About an hour before the 12-round bout, Mike Williams withdrew, prompting his own manager to call him "yellow" and "a dog." Promoter Bob Arum said Williams refused to take the pre-fight drug test.

It was the first defense of his WBO crown for Morrison (38-1), who is to fight WBC champion Lennox Lewis in March. He was hoping for a good fight before his hometown Kansas City fans.

"It's an odd feeling; it's a bad feeling," Morrison said. "There's not much I can say. . . . At least it was not my fault."

Arum suspected as early as Thursday he may have trouble when Williams did not show for a news conference. As a precaution, a call went to Tomashek on Saturday.

The 28-year-old said he was working at his job at Shopco Distribution in Green Bay, Wis. He was told to hurry to Kansas City.

"They beat me up at work," said Tomashek, who waved to the pro-Morrison crowd between rounds. "That was my training for this fight. I thought it was a joke at first. I said, `Oh, I might as well.' "

The Kemper Arena crowd, which booed Arum's announcement that Williams had left the building, booed even louder when Morrison was awarded the TKO after the fourth round, in which Morrison pounded Tomashek with left-right combinations and opened several face cuts.

Arum would not say Williams withdrew because of the drug test.

"How can I say that?" he said. "I don't really know."

Bob Jordan, the manager for Williams, did not really know, either, but he was incensed.

"The official word is Mike turned yellow and left," Jordan said. "He said he pulled a muscle in his back. We had two doctors check him out and they could not find an injury. His wife said there's nothing wrong with him."

Bill Cayton, co-manager for Morrison, said Williams (21-3) left with back spasms.

Williams, waiting for a cab outside the arena, would not discuss his reason for pulling out, although he said it was not because of a drug test.
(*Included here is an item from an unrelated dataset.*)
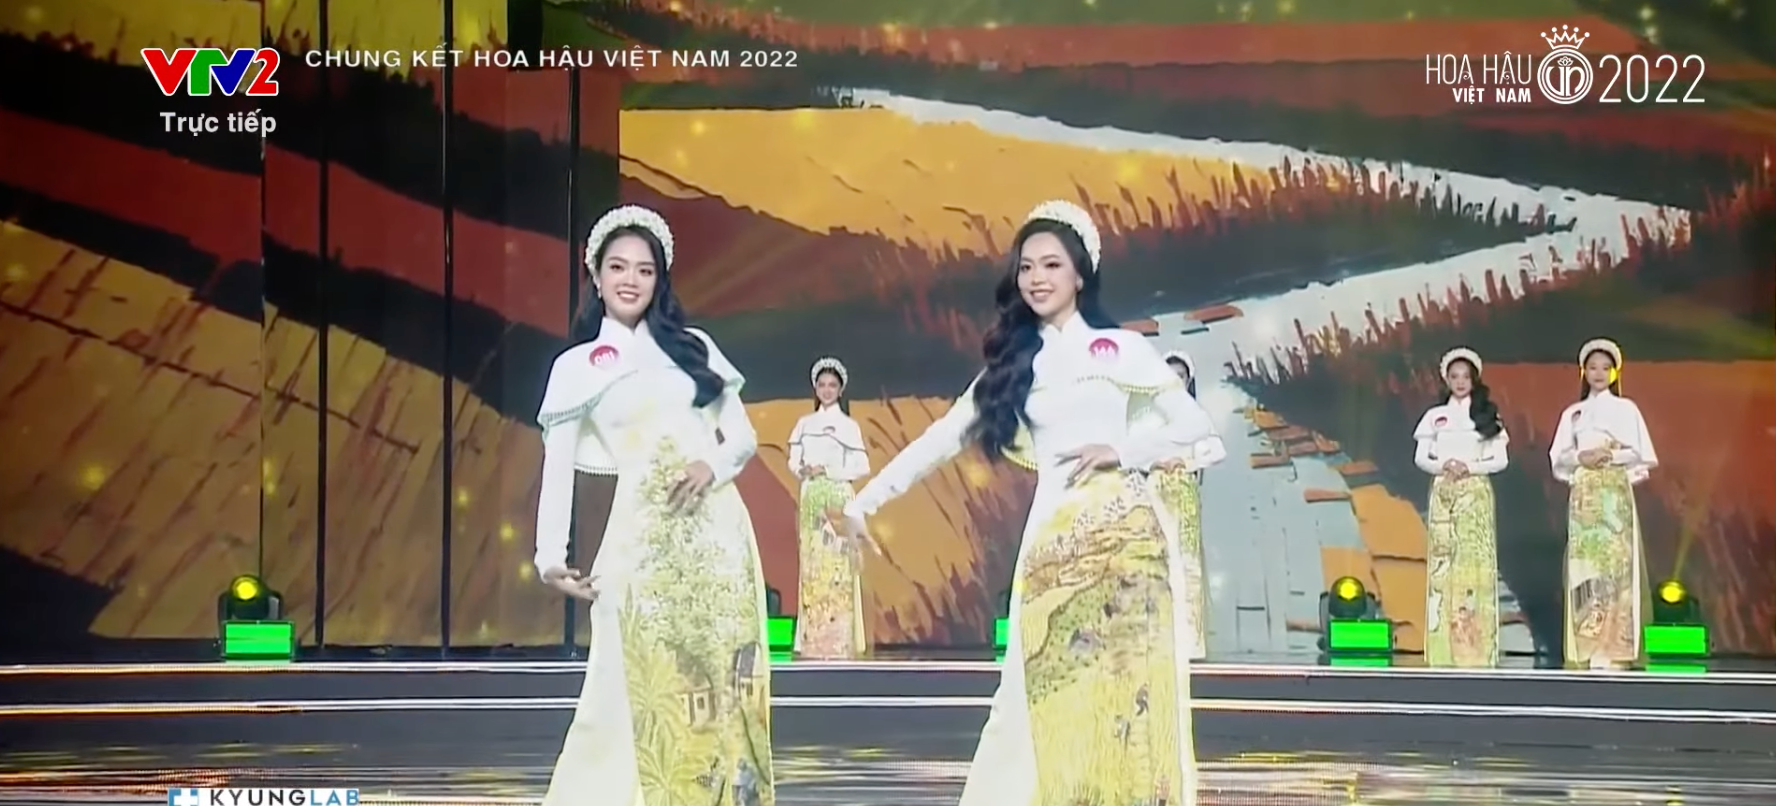 Chung kết Hoa hậu Việt Nam 2022: Tân Hoa hậu chính thức gọi tên Huỳnh Thị Thanh Thuỷ - 39
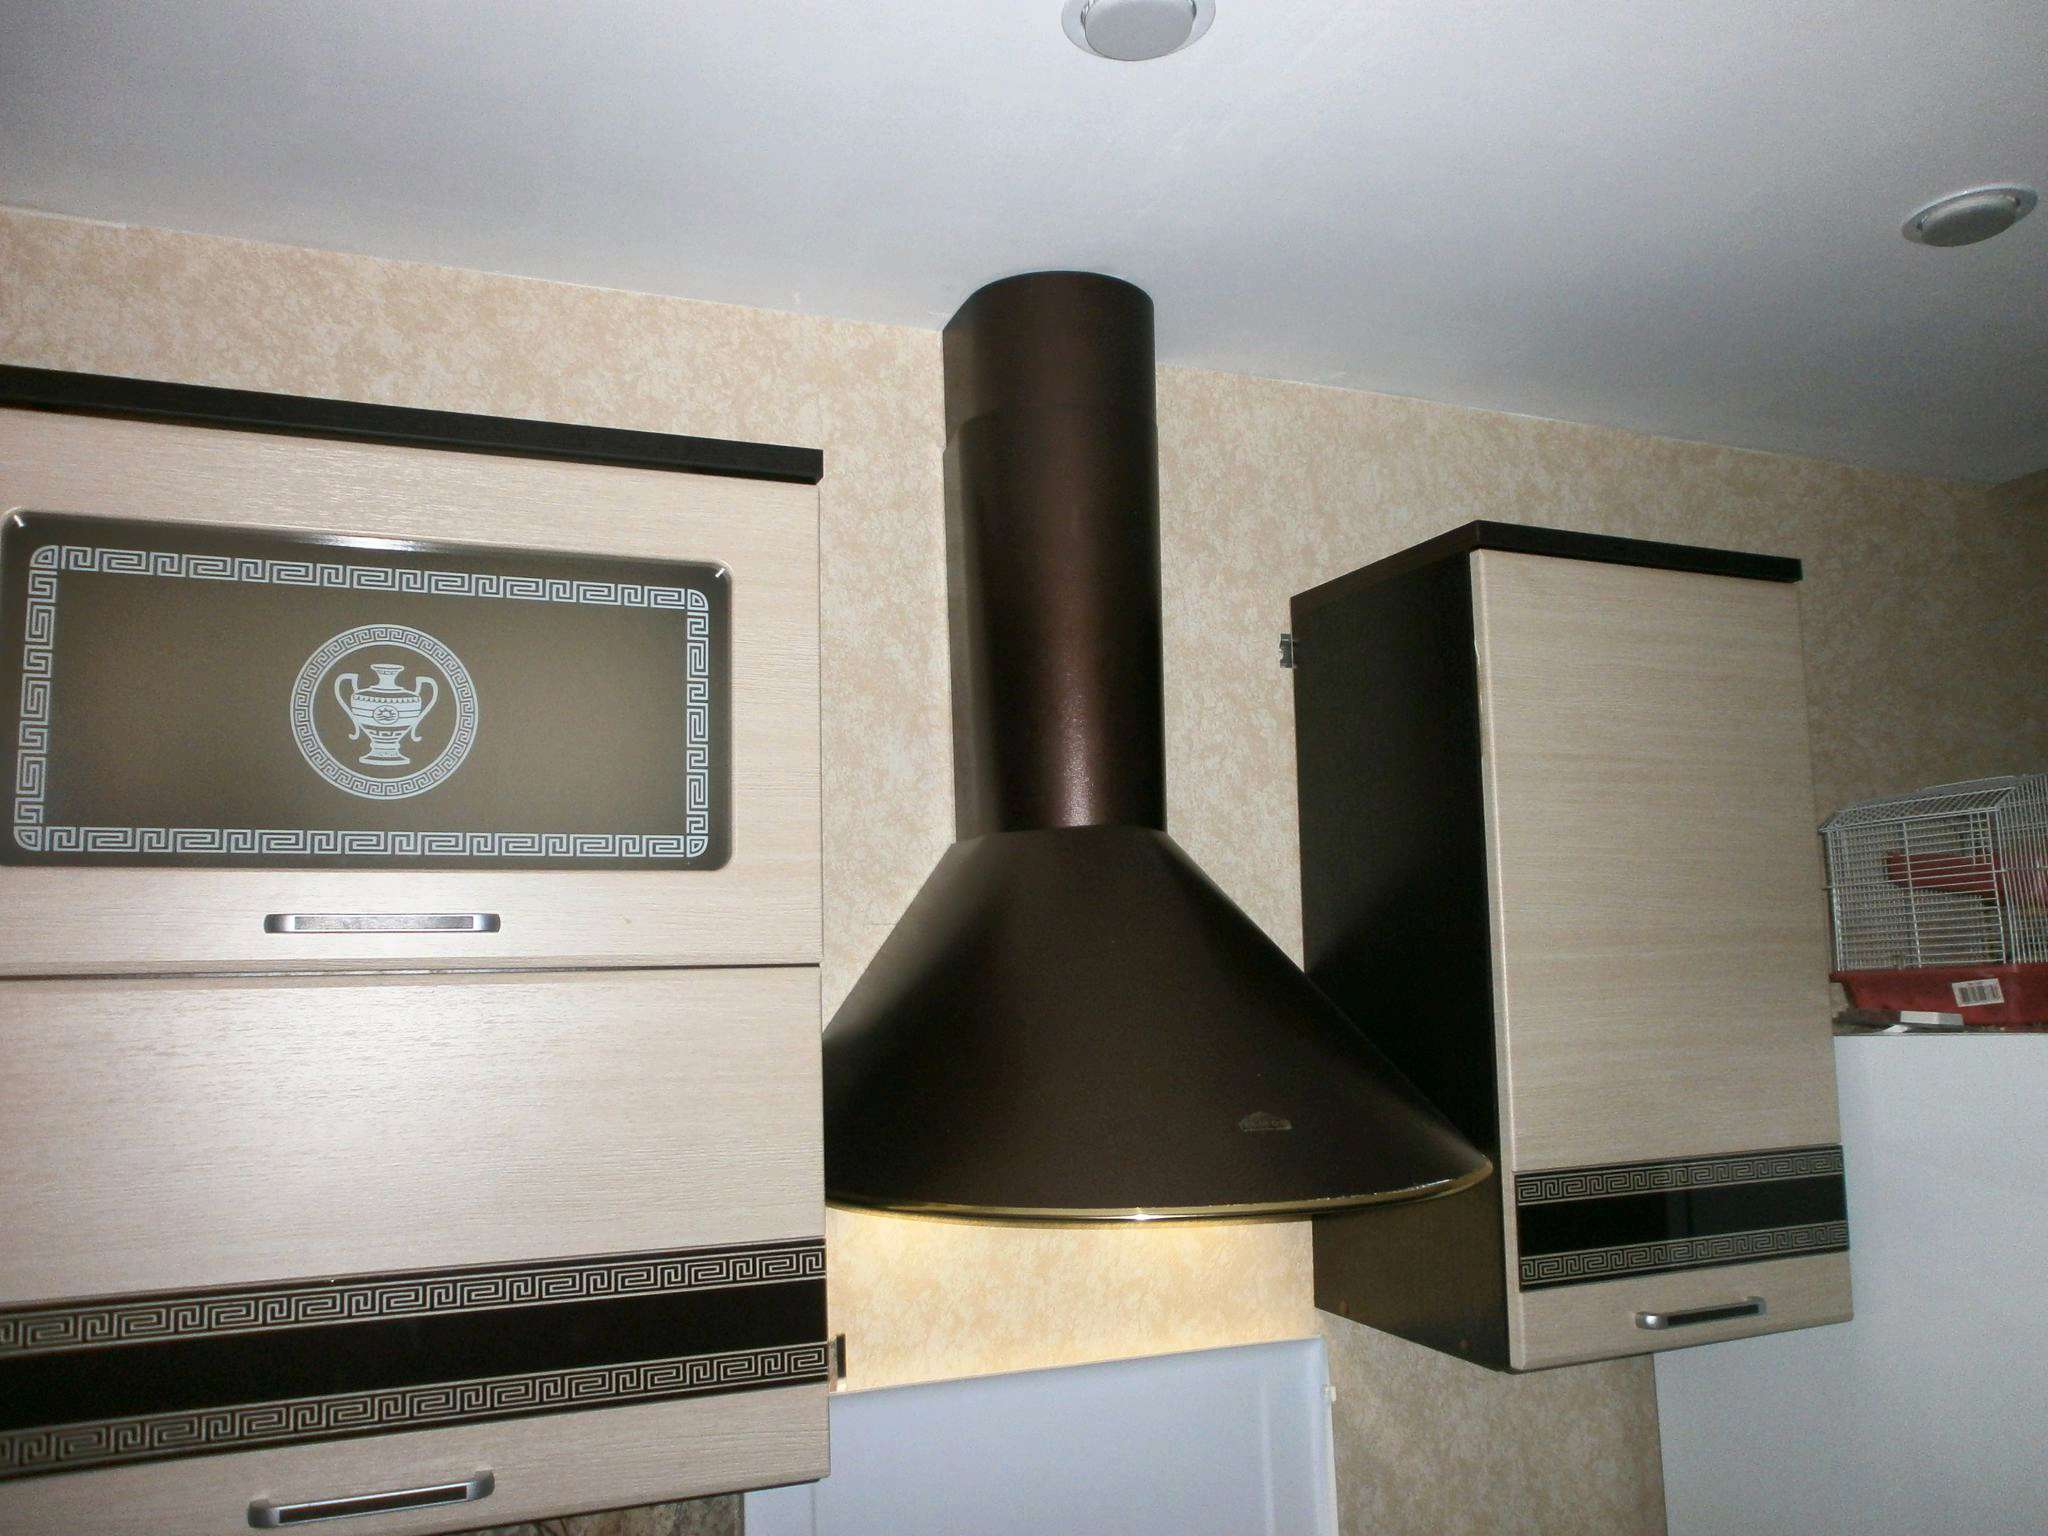 монтаж вытяжки для кухни без отвода в вентиляцию

"Don't even bring that up," he said. "I don't do drugs."

Morrison scored with left jabs in the early rounds and then put Tomashek down hard with a combination to the head in the fourth. Tomashek's eyes were puffy and bruised. The ringside physician and referee did not allow him to go another round. His record is 34-11.

Williams is a former sparring partner of Morrison's who lost to him in a fictionalized fight in the movie "Rocky V."

"These people [Top Rank, Inc.] said if it's money, they would pay him anything he wanted," Jordan said. "It wasn't the money. He just walked out. . . . I was his manager. He's a bum."